Could you repeat the whole listing below exactly, omitting any picture it holds?

EXERCISE DATA:

# # #

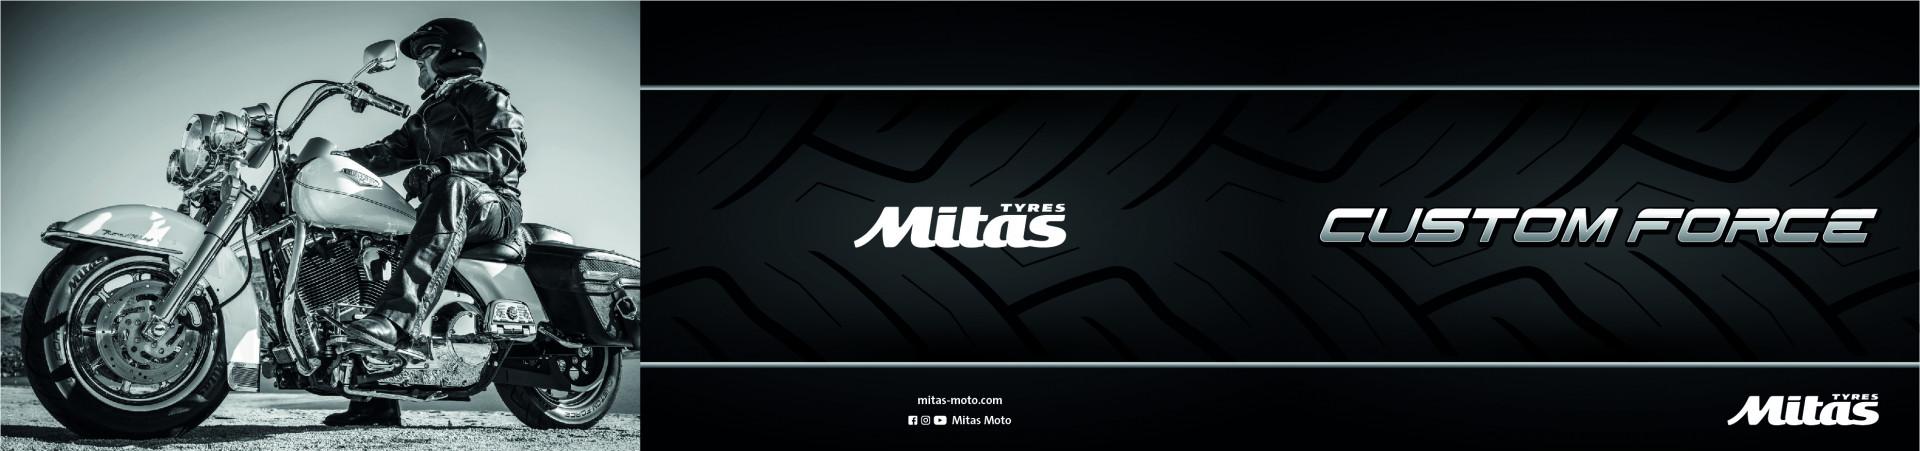 mitas-01.jpg
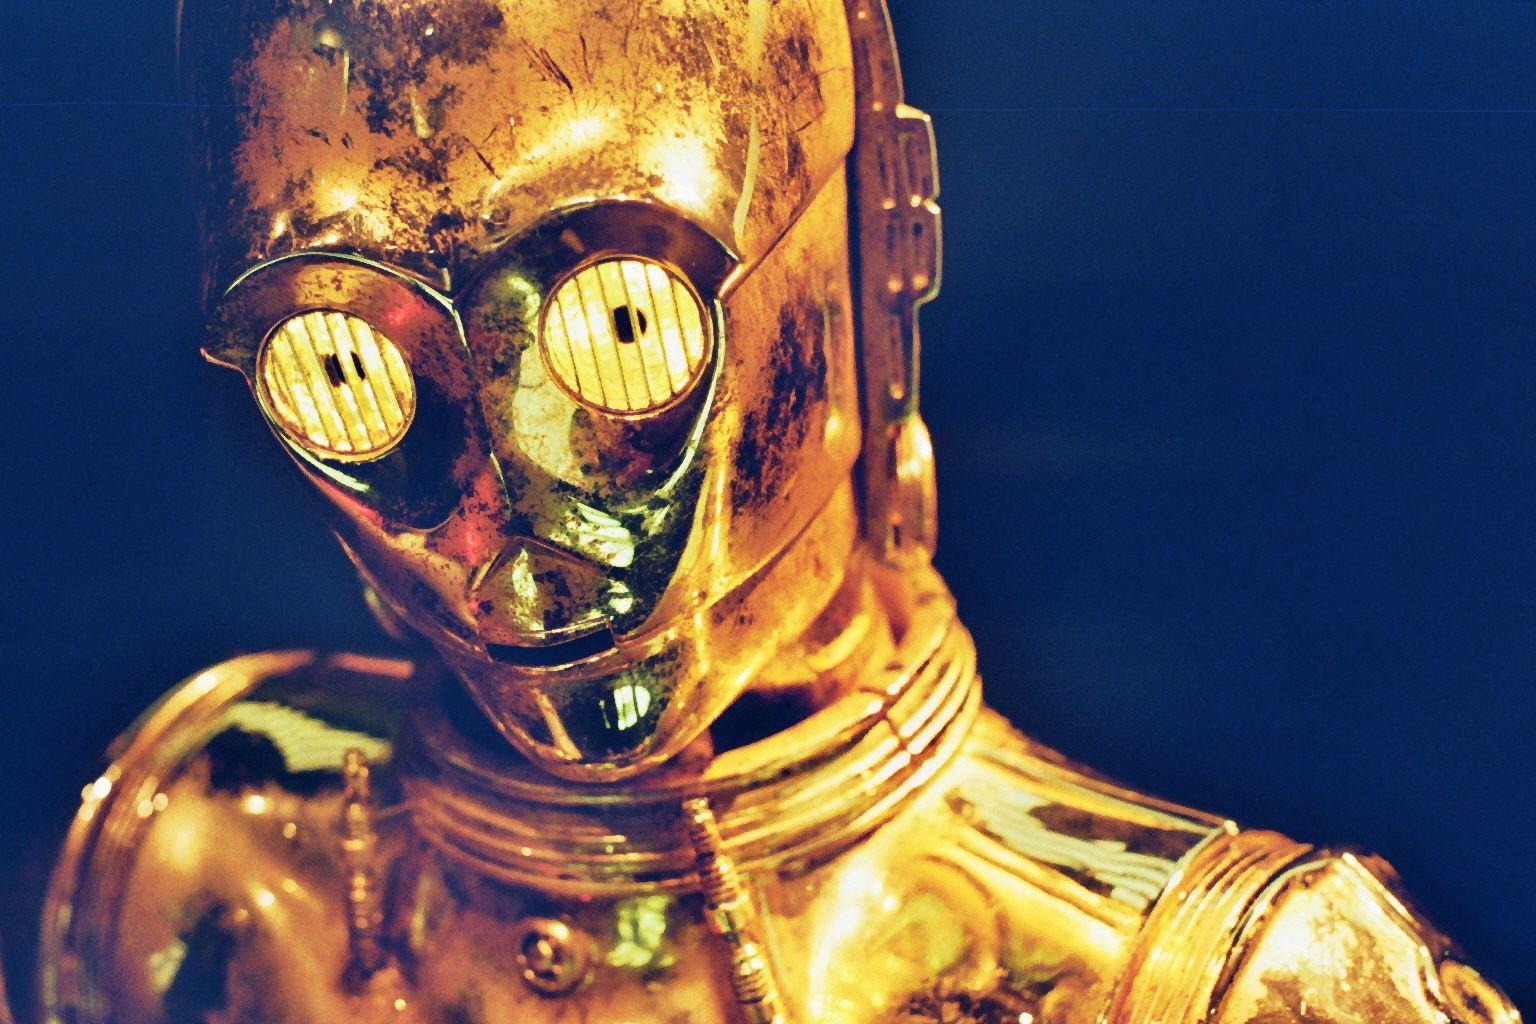 ITAP of a robot http://ift.tt/2kNH5XJ
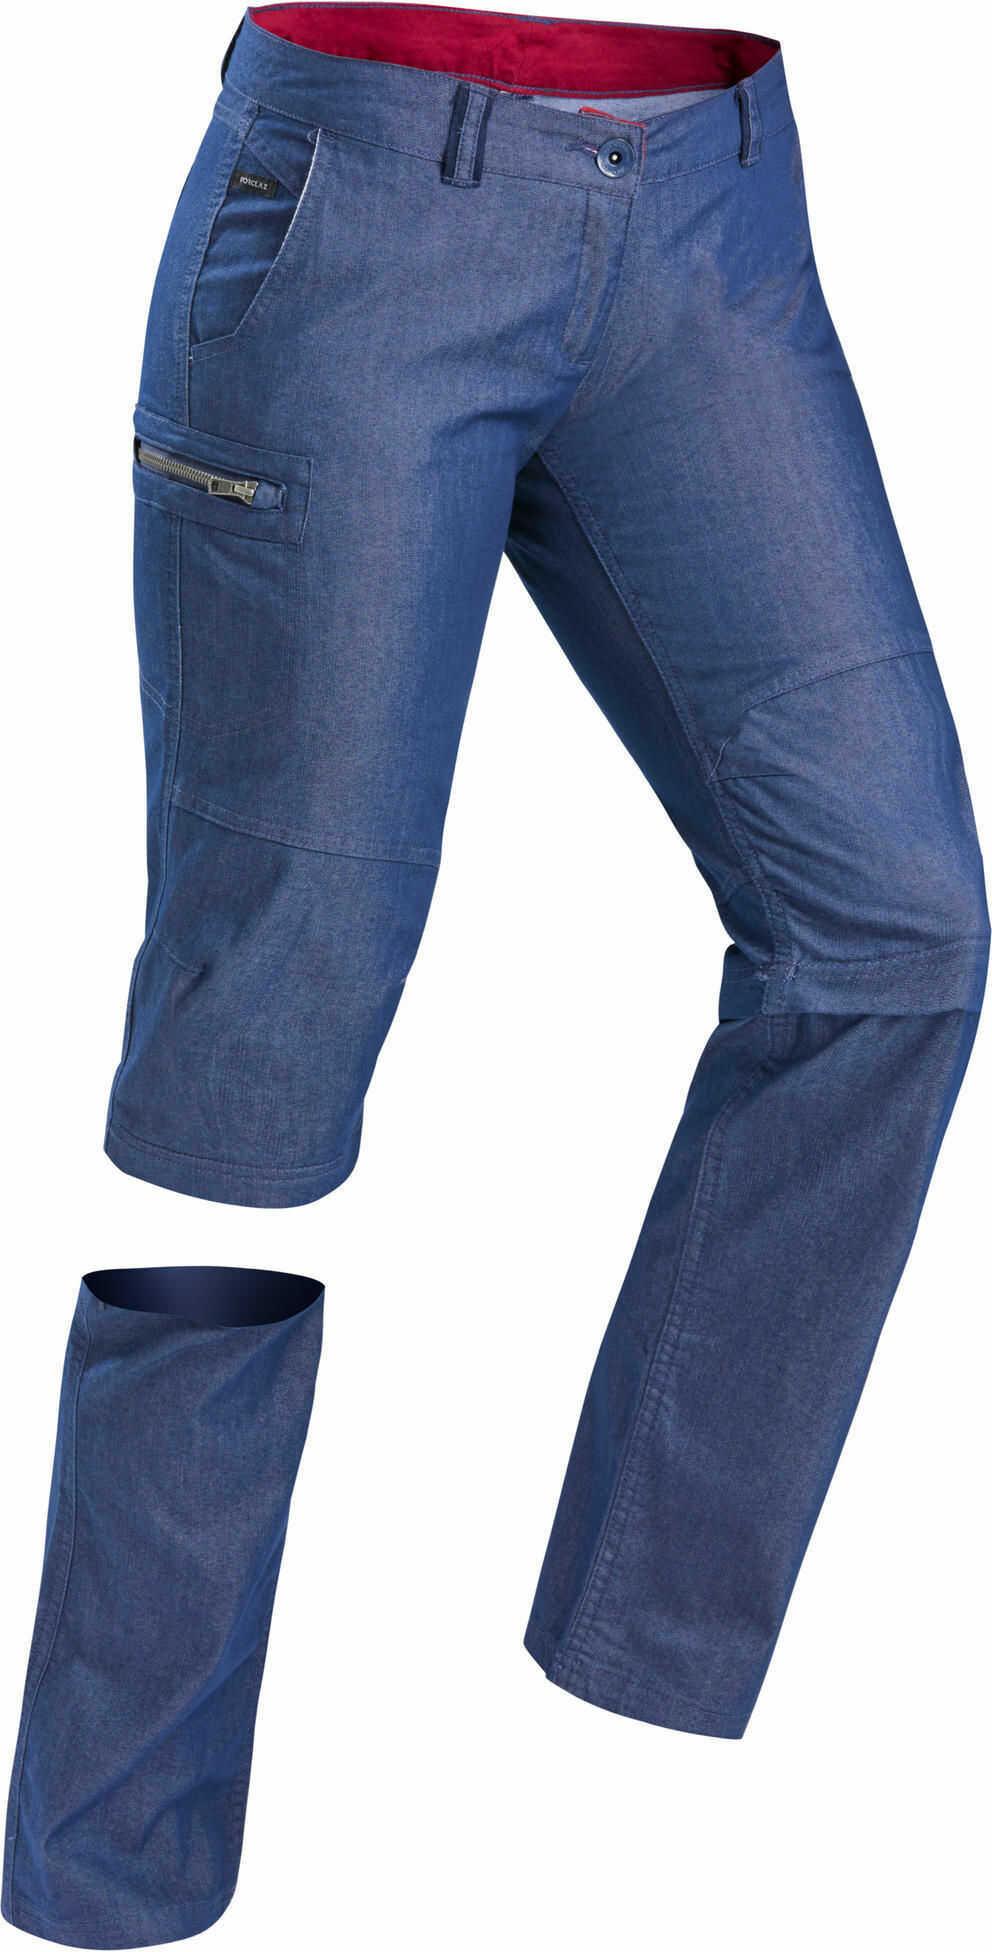 Spodnie turystyczne damskie 2w1 Forclaz TRAVEL 100

# # #

REPLY TO THE EXERCISE:
 mitas-01.jpg
 ITAP of a robot http://ift.tt/2kNH5XJ
 Spodnie turystyczne damskie 2w1 Forclaz TRAVEL 100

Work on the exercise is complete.